Thursday, February 23, 2012

The return of the rad.

     Nuts!  Our house has this really big window over our entry way.  At night, we can see what's going on in the kids bathroom upstairs through the reflection in that window.  It's actually really awesome for Ryan and I to "catch" the boys.  They've yet to figure out that if they close the door,  mama and daddy won't be able to know what's going on from the living room.  We're planning on an "door open policy" until at least 14...

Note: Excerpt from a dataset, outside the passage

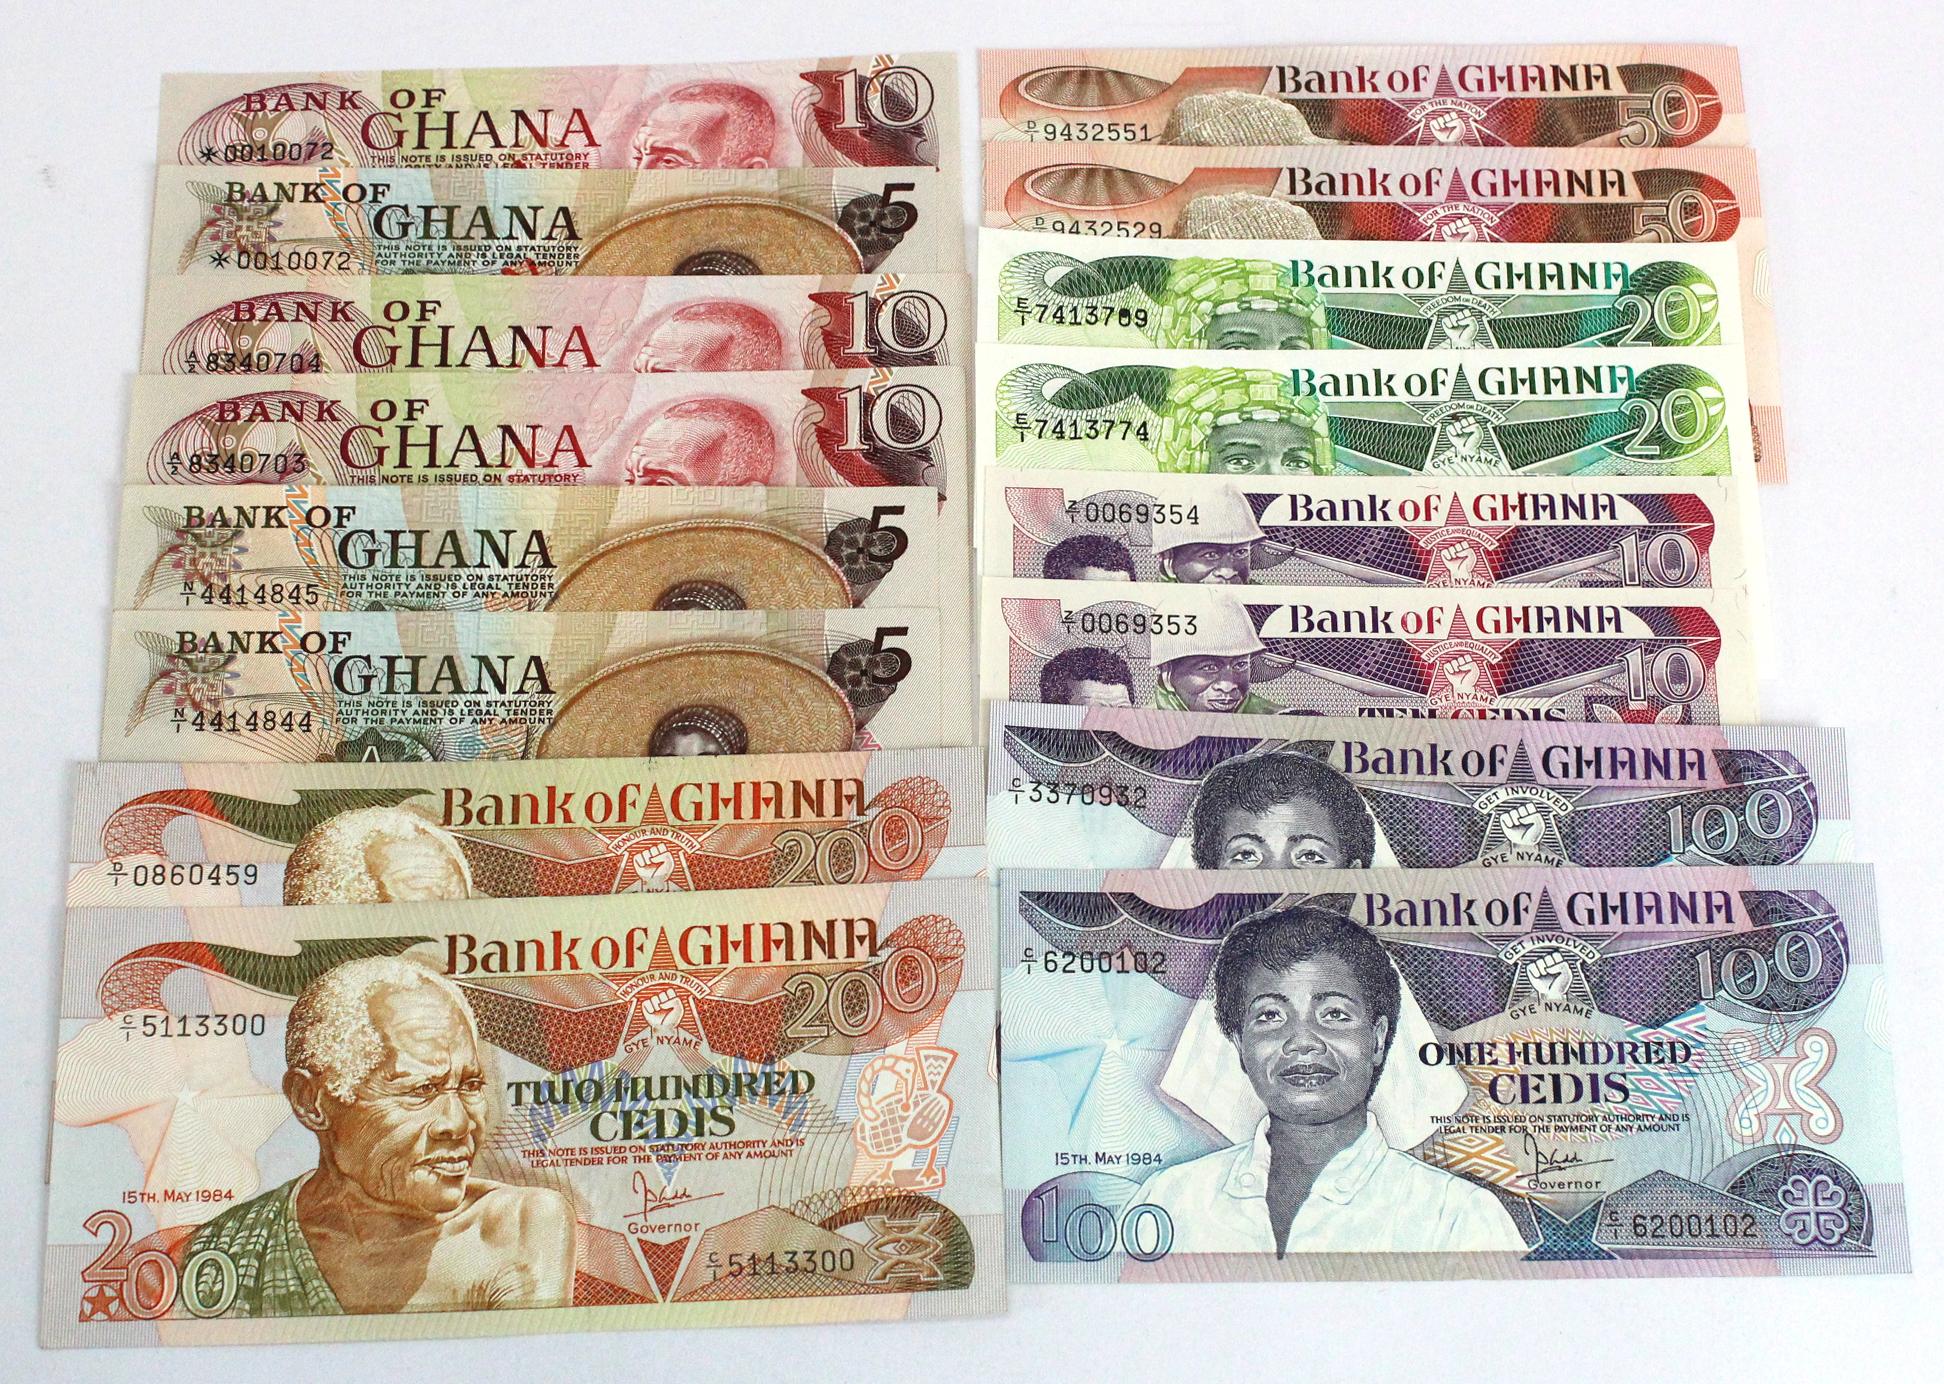 Ghana (16), 200 Cedis (2), 100 Cedis (2), 50 Cedis (2), 20 Cedis (2) & 10 Cedis (2), (these Z/1

     The "nuts" is our frustration because from the reflection, we could see Zeke peeking into a Sonic cup that was sitting on the bathroom counter.  I hollered up to him what he was doing and he said something about "lemonade got in the bathroom."  I don't need to spell this out for you.  Not long after the "lemonade" puddle on the floor, counter and in the Sonic cup was cleaned up, Etienne had indeed confessed.  Nuts for the disgusting, gross behavior that is more of a toddler than a boy.  Yippee for honesty!  He went around the topic for a few stumbling sentences, but eventually gave us an indirect confession.  And now I have a ridiculously clean bathroom again.

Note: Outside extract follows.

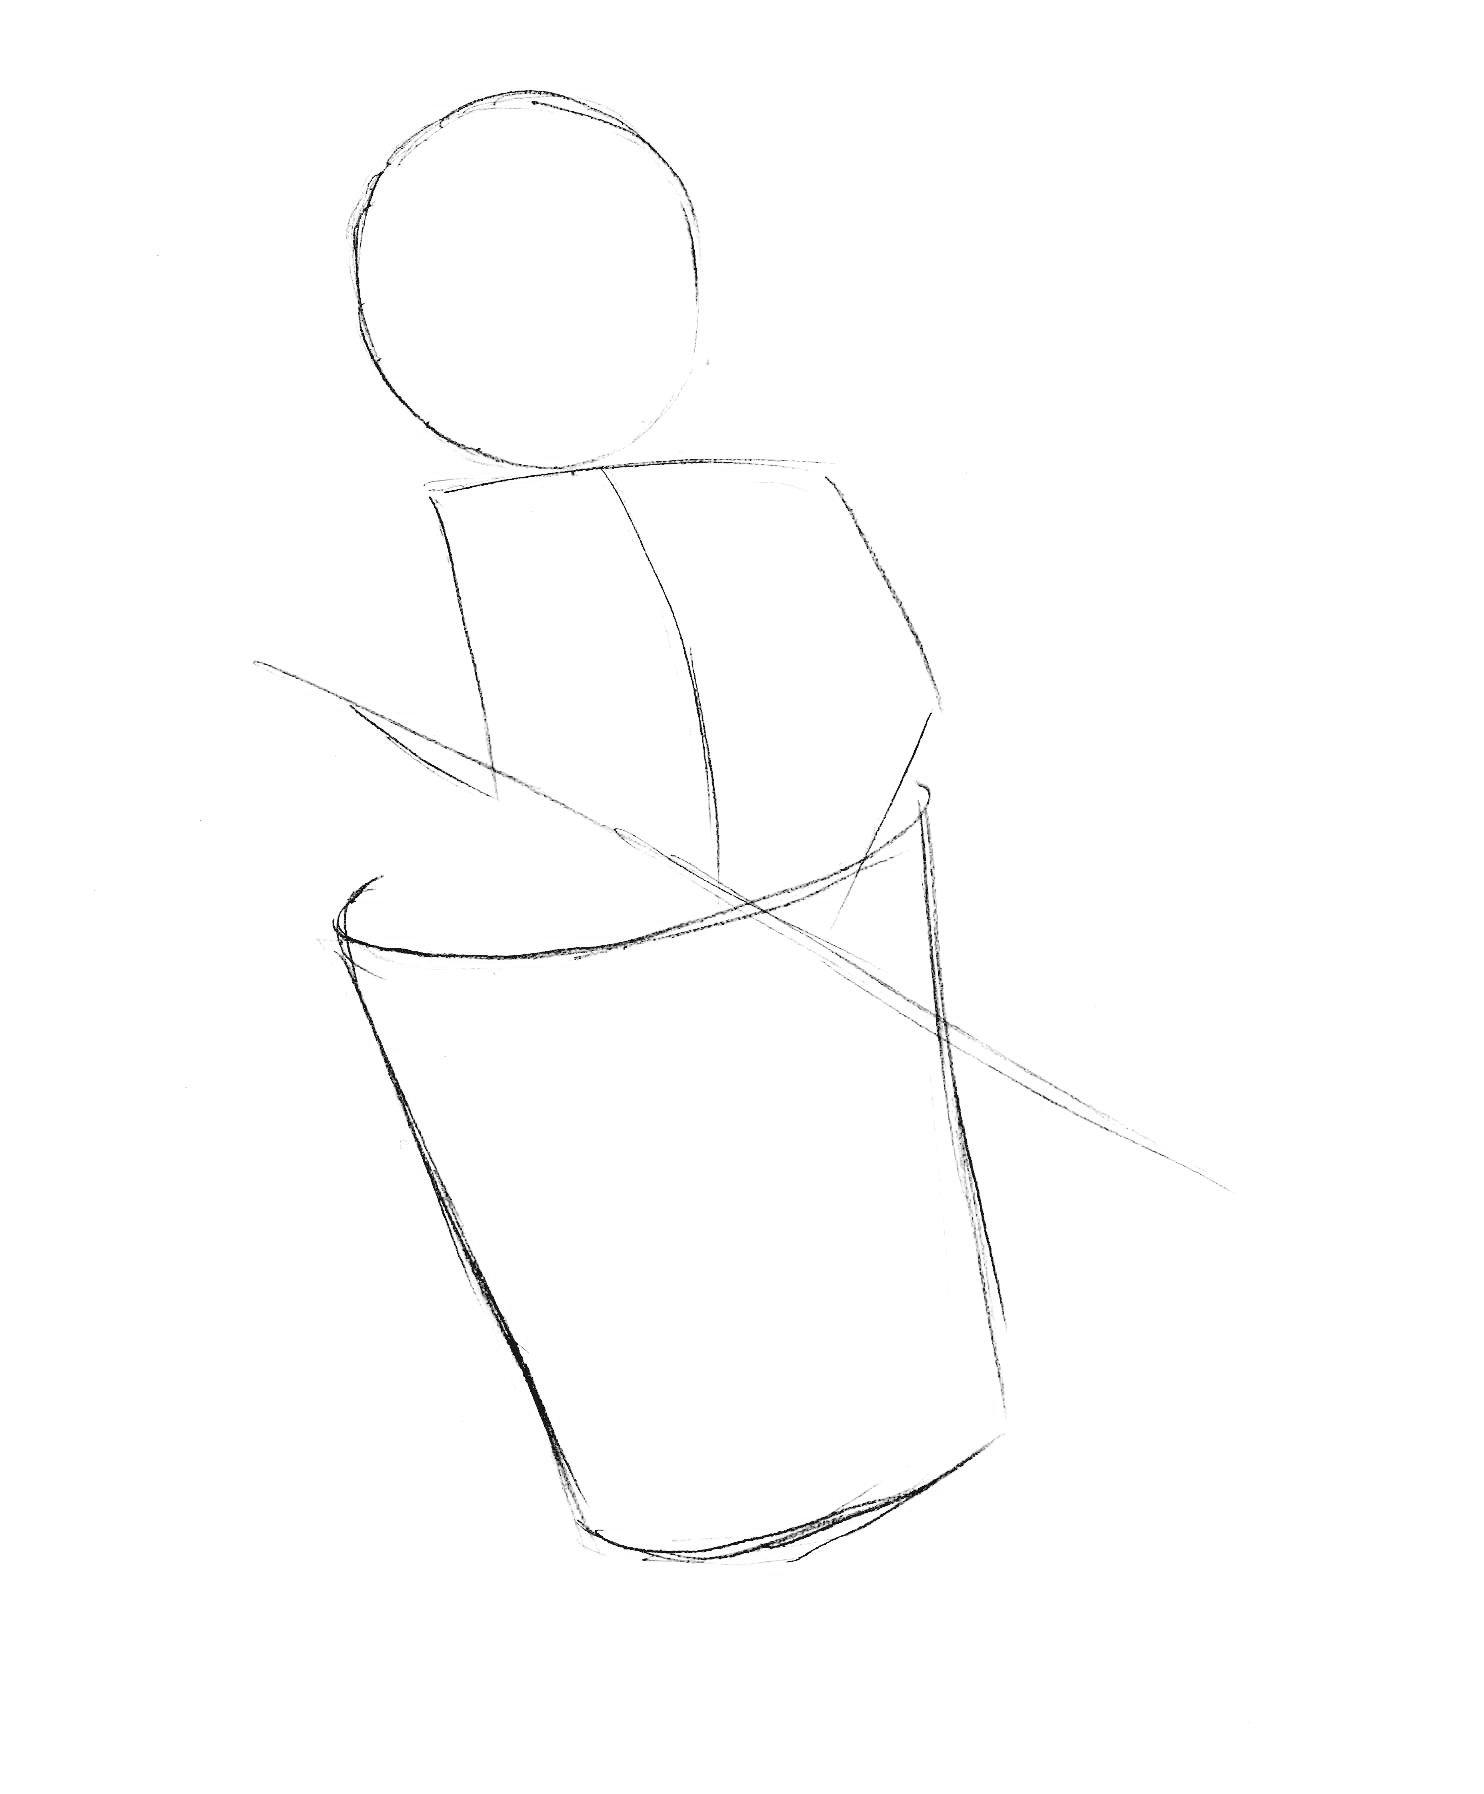 как нарисовать бабу-ягу карандашом

    Nuts part 2.  He also broke Zeke's bed yesterday again by jumping on it.  The "lemonade" and the bed jumping all happened while with the sitter,Laurel, who was excited to give us a good report, was here.  He is so sneaky and so manipulative and she felt really awful that he did this nonsense under the radar and on her watch.  She has known him since he has been home, she loves him (and us)well.  It's just the true nature of RAD.  But it isn't Etiennne's heart.  It isn't who he wants to be.

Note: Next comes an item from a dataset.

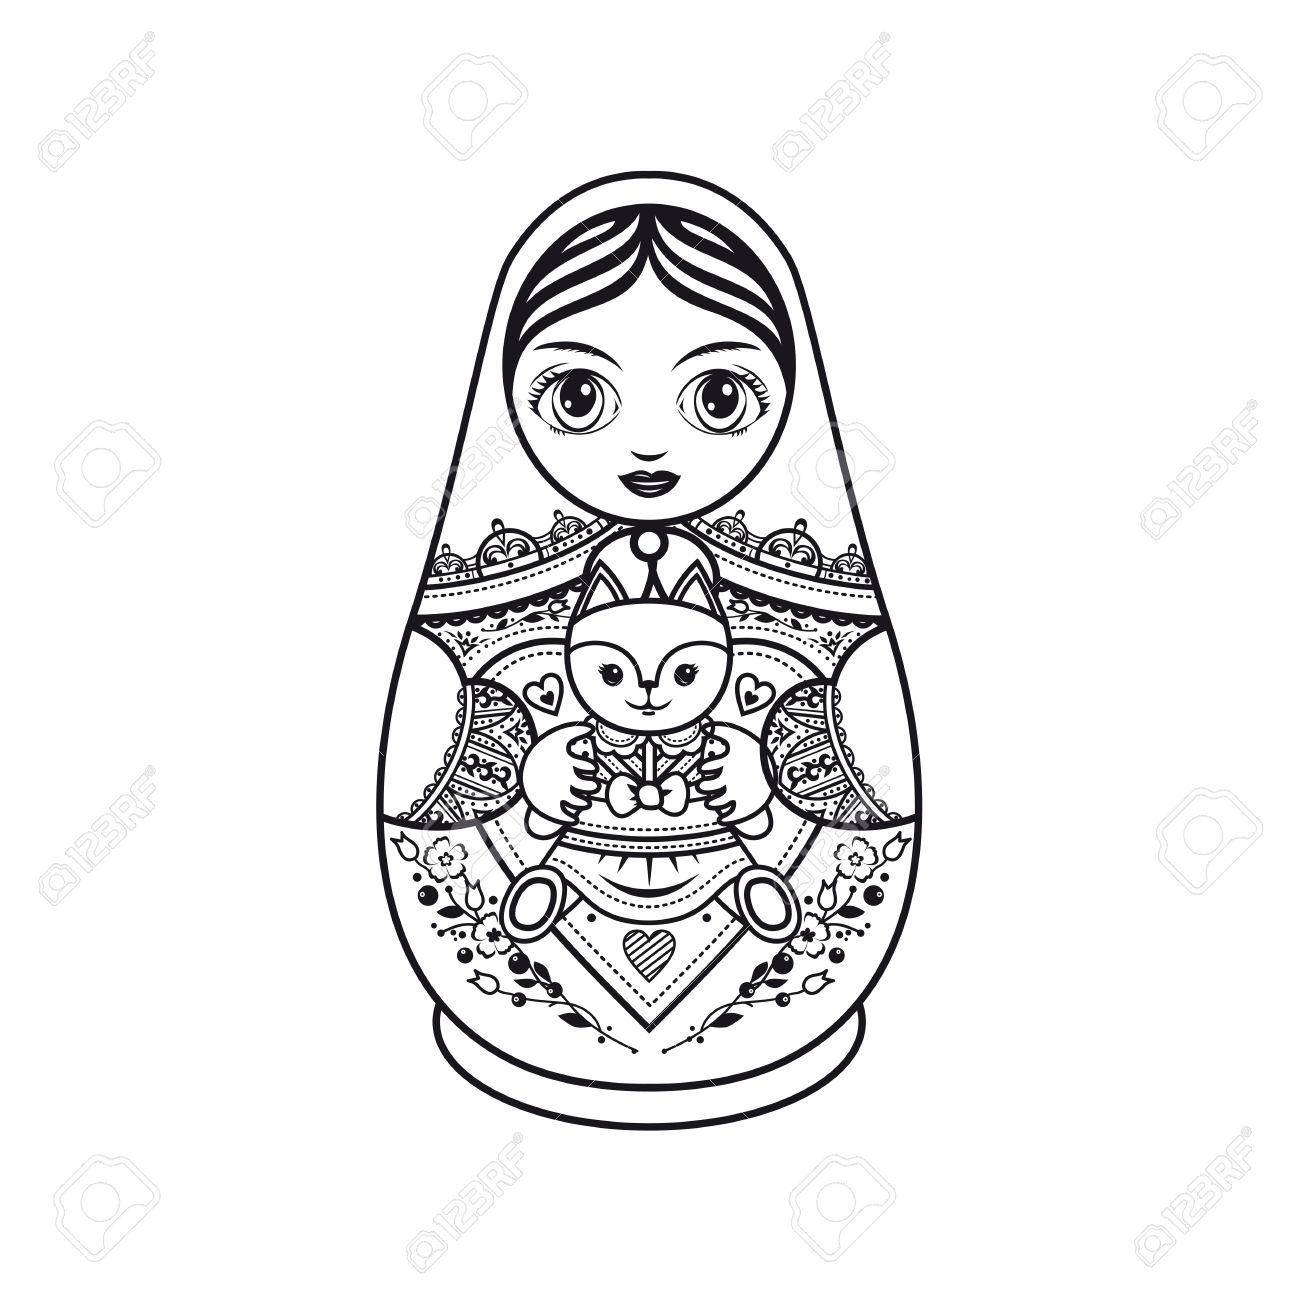 1300x1300 Matryoshka. Russian Folk Nesting Doll. Babushka Doll. Template

   I left for Ash Wednesday service fuming.  Disappointed that after over a week of mostly great behavior, we were somehow back peddling.  Angry at myself for raising my voice over pee on the floor.  Sad for Laurel that he had deceived her.  Ugh.  I spent the next hour tearful and in prayer.  I was thinking about when Jesus spent 40 days in the desert, alone, not even tempted by earthly needs,  and how that needs to be me right now.  Obviously, I can't drop everything and head to Yuma, but  I can repent and I can sacrifice.  
  You see, as a kid, all I knew of Lent was that my Catholic friends stopped eating candy and the cafeteria served fish sticks on Friday.  Now, as an adult humbled by my life, I want this time to be about me turning solely to God  and preparing my heart for Him.  And Etienne's attachment disorder always leads me to that place once again.   It's really easy, after a full night's sleep and encouraging words from a preschool teacher, to think I've got this mom thing sort of figured out.  The lemonade and the flip-flopped mattress were my reminder that, clearly, my heart needs repentance and prayer as much as always.  In short, I am thankful for that stinkin' attachment disorder, in an indirect kinda way.
 

1 comment:

  1. wow. i get this more deeply than i think i can even put words to. the honesty (or getting there) factor. the back peddling after thinking maybe we've reached a new level? Lent. and knowing Him more deeply because of him...and being so thankful, and so many other emotions (that AREN'T thankful) all at the same time.